> **INFORMATION SUPPLIED**:
*** Block opens ***

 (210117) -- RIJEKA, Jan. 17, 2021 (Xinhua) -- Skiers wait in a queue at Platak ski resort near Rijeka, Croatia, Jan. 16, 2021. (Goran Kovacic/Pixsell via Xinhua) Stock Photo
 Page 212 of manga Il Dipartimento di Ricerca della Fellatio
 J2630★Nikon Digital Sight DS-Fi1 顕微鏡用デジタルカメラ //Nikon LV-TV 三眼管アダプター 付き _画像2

*** Block closes ***
*** Block opens ***

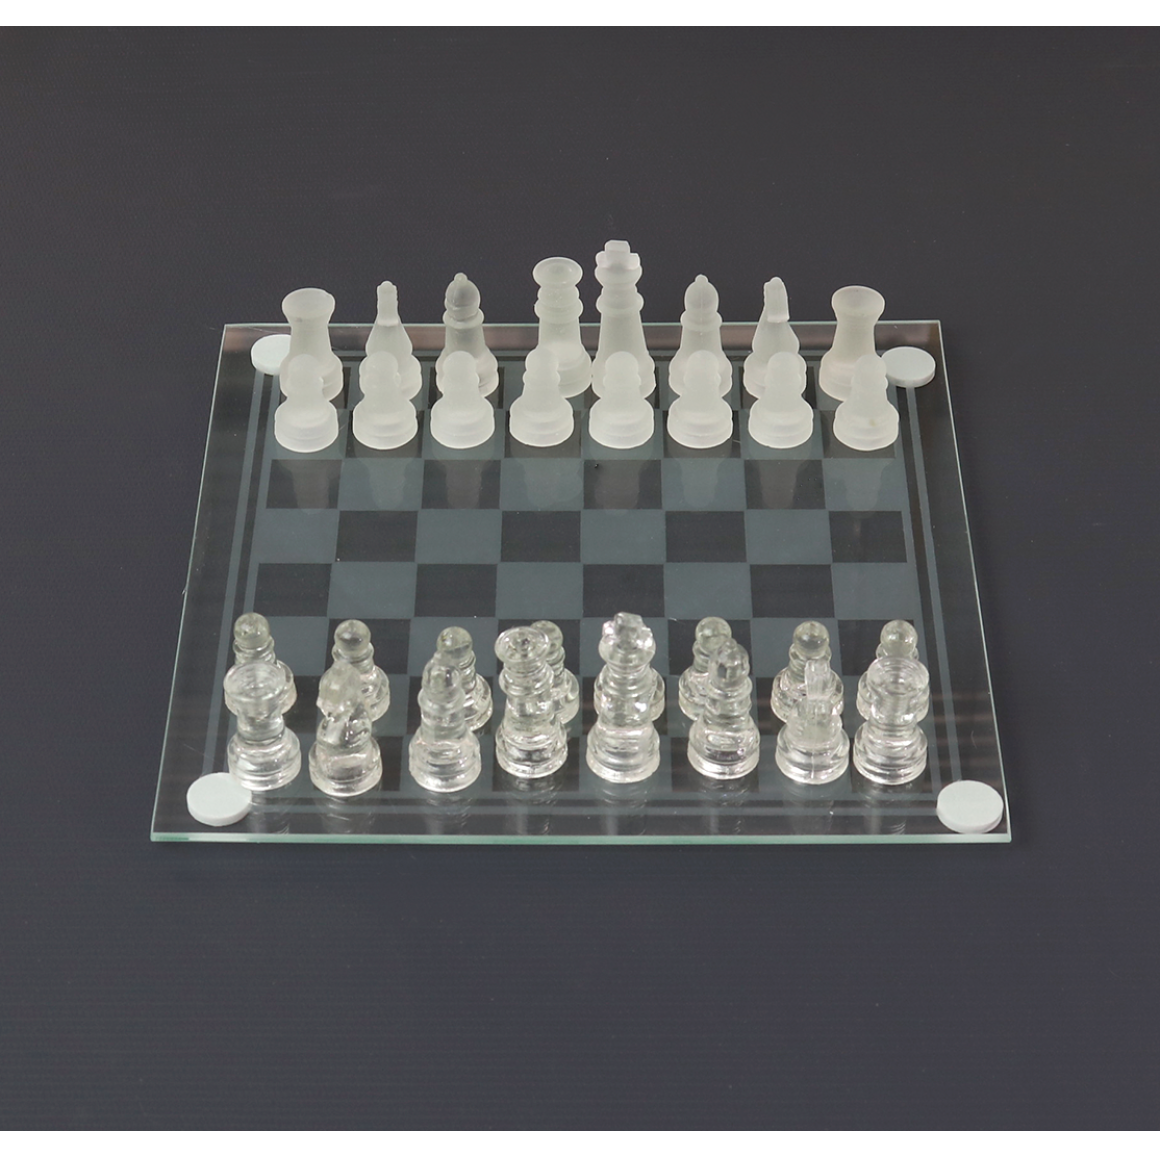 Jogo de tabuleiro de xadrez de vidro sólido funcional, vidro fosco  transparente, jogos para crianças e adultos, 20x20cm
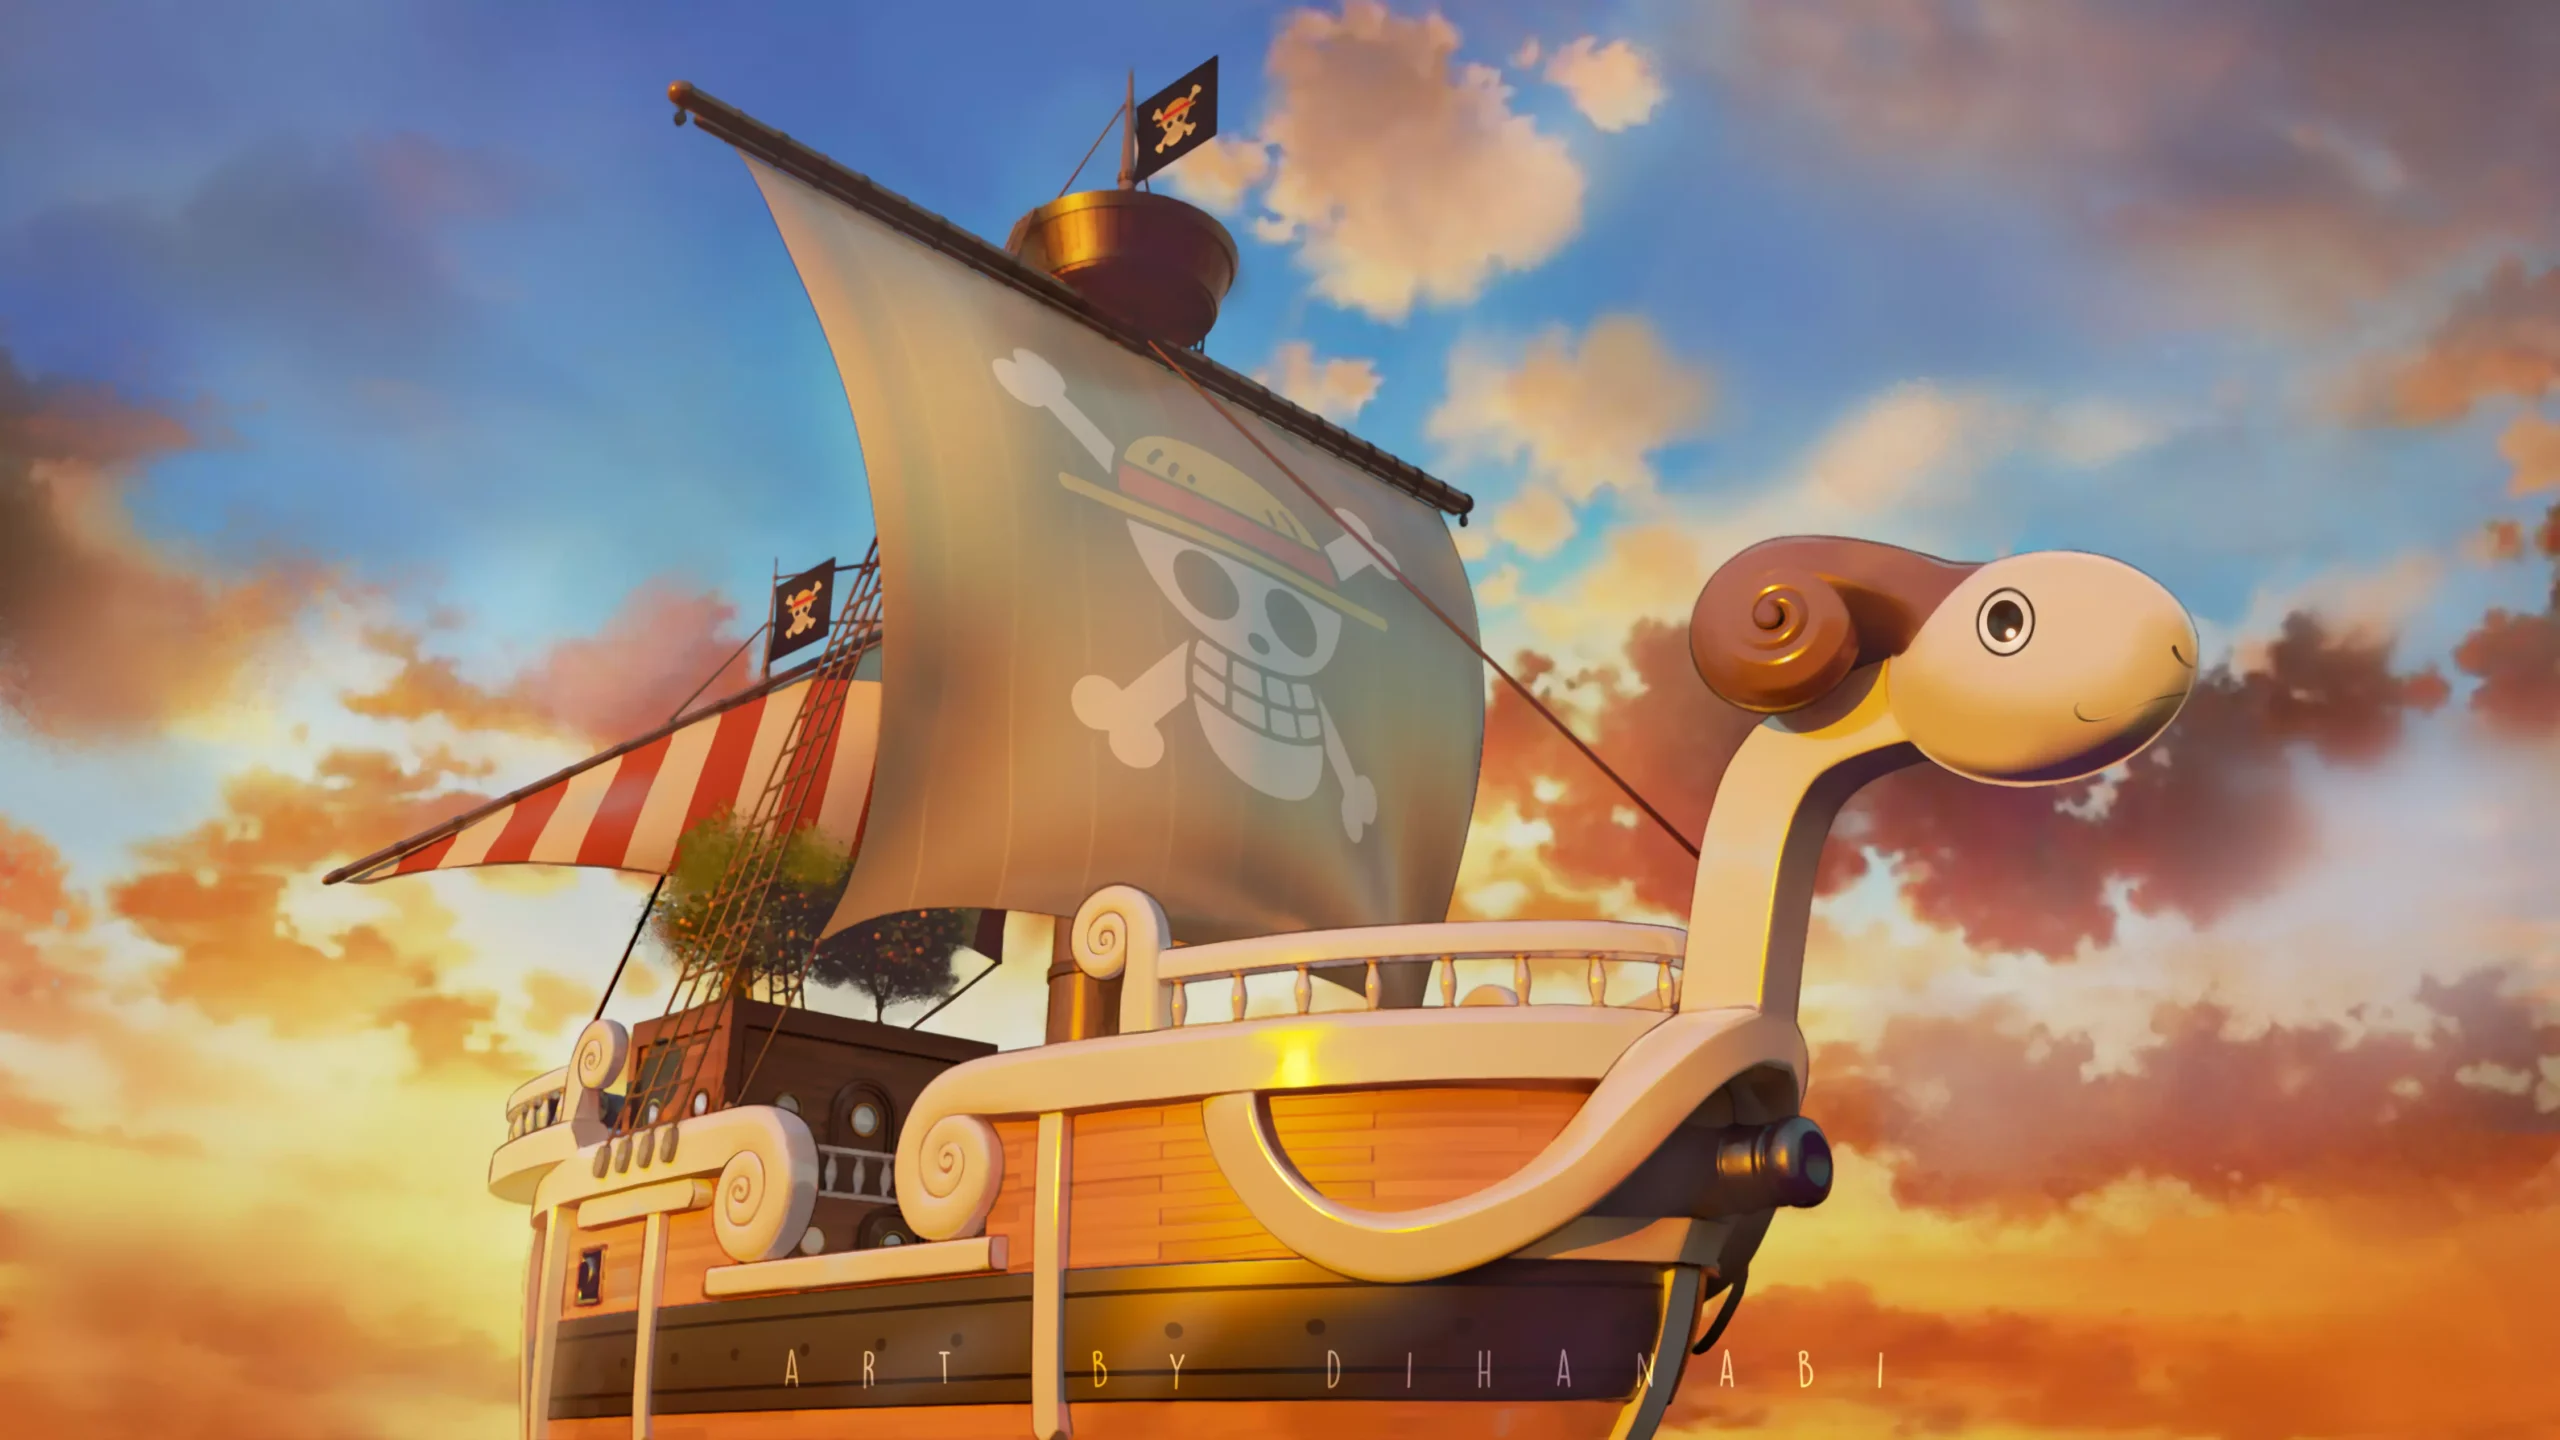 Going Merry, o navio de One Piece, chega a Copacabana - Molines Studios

*** Block closes ***
*** Block opens ***

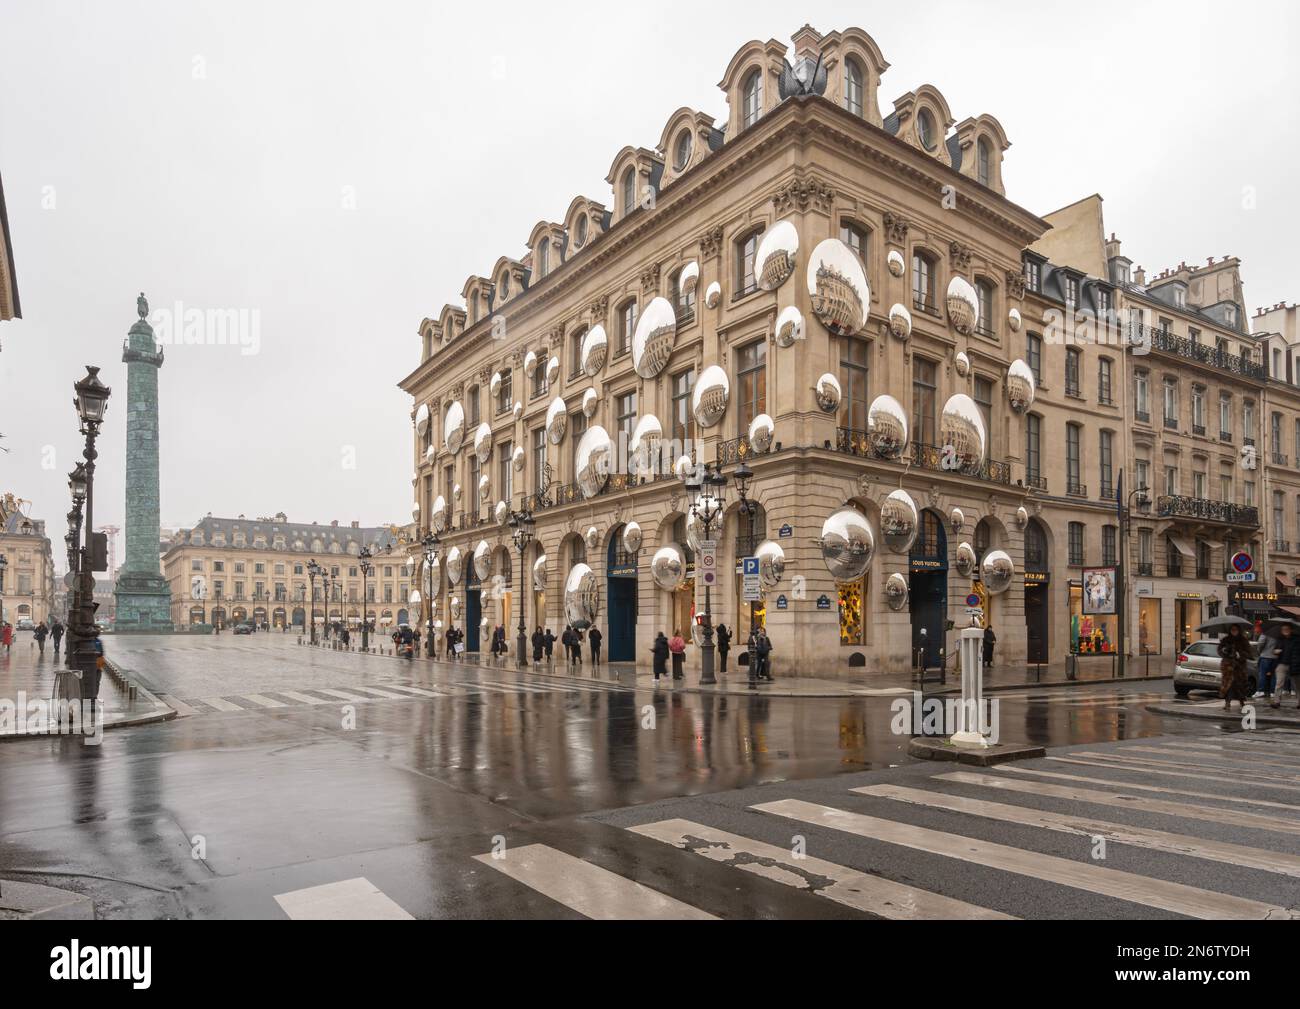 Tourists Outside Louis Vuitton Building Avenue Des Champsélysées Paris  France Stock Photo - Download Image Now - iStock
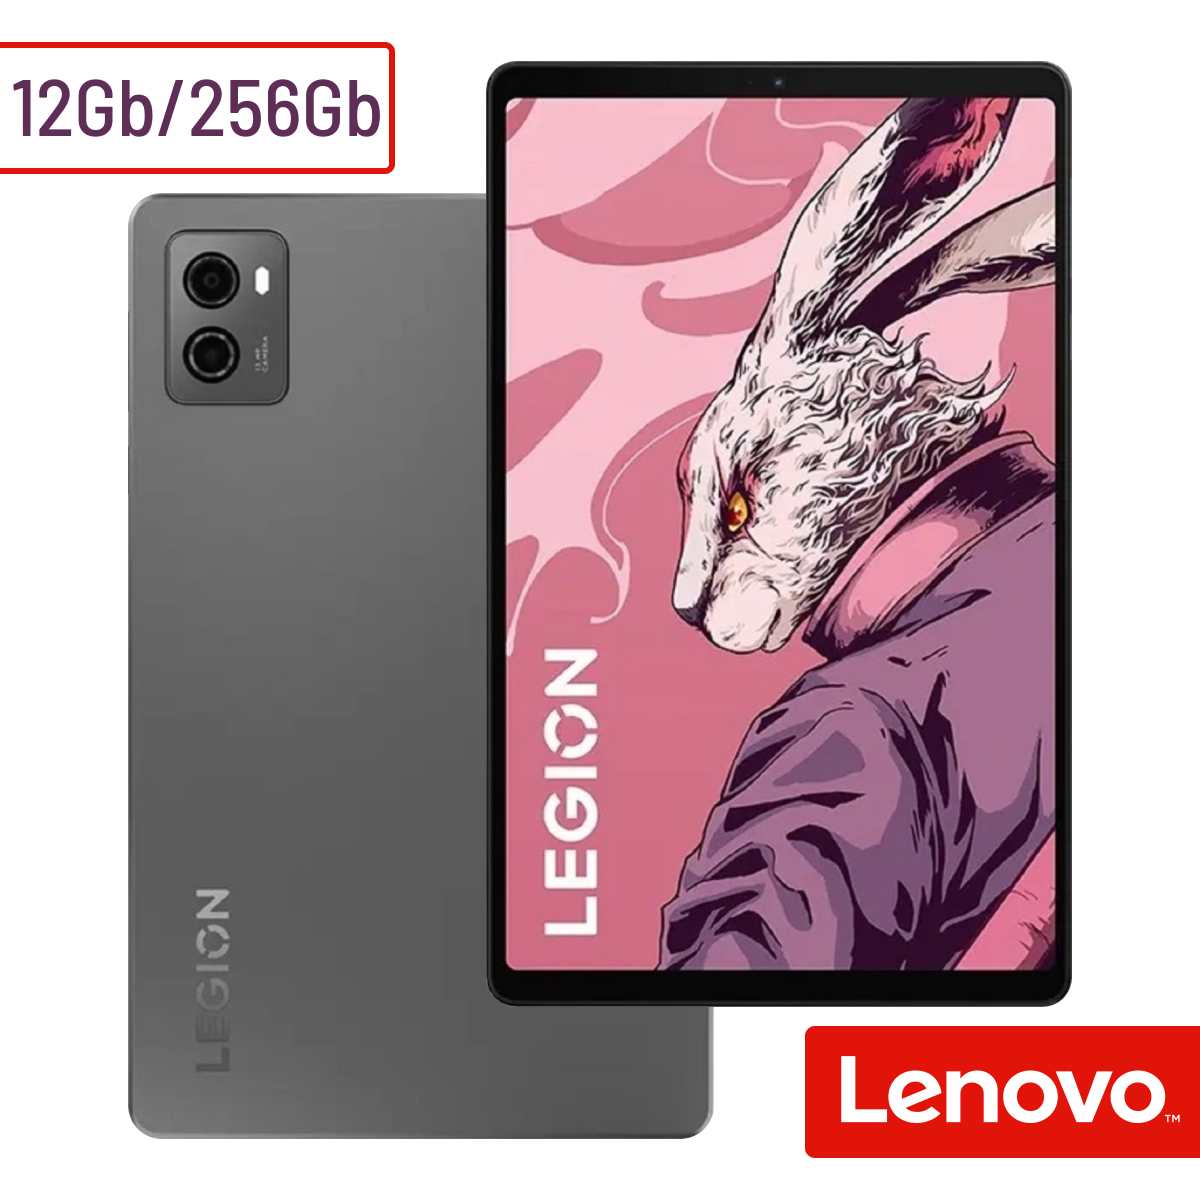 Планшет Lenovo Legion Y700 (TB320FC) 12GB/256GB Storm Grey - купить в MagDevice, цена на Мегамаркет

*** Block closes ***

> **GOAL OF THE EXERCISE**:
Set down again, exactly, every line above from the one with "Jogo de tabuleiro" down to the one with "Going Merry, o", both ends included. No pictures, and nothing else.

> **RESPONSE TO THE TASK**:
 Jogo de tabuleiro de xadrez de vidro sólido funcional, vidro fosco  transparente, jogos para crianças e adultos, 20x20cm
 Going Merry, o navio de One Piece, chega a Copacabana - Molines Studios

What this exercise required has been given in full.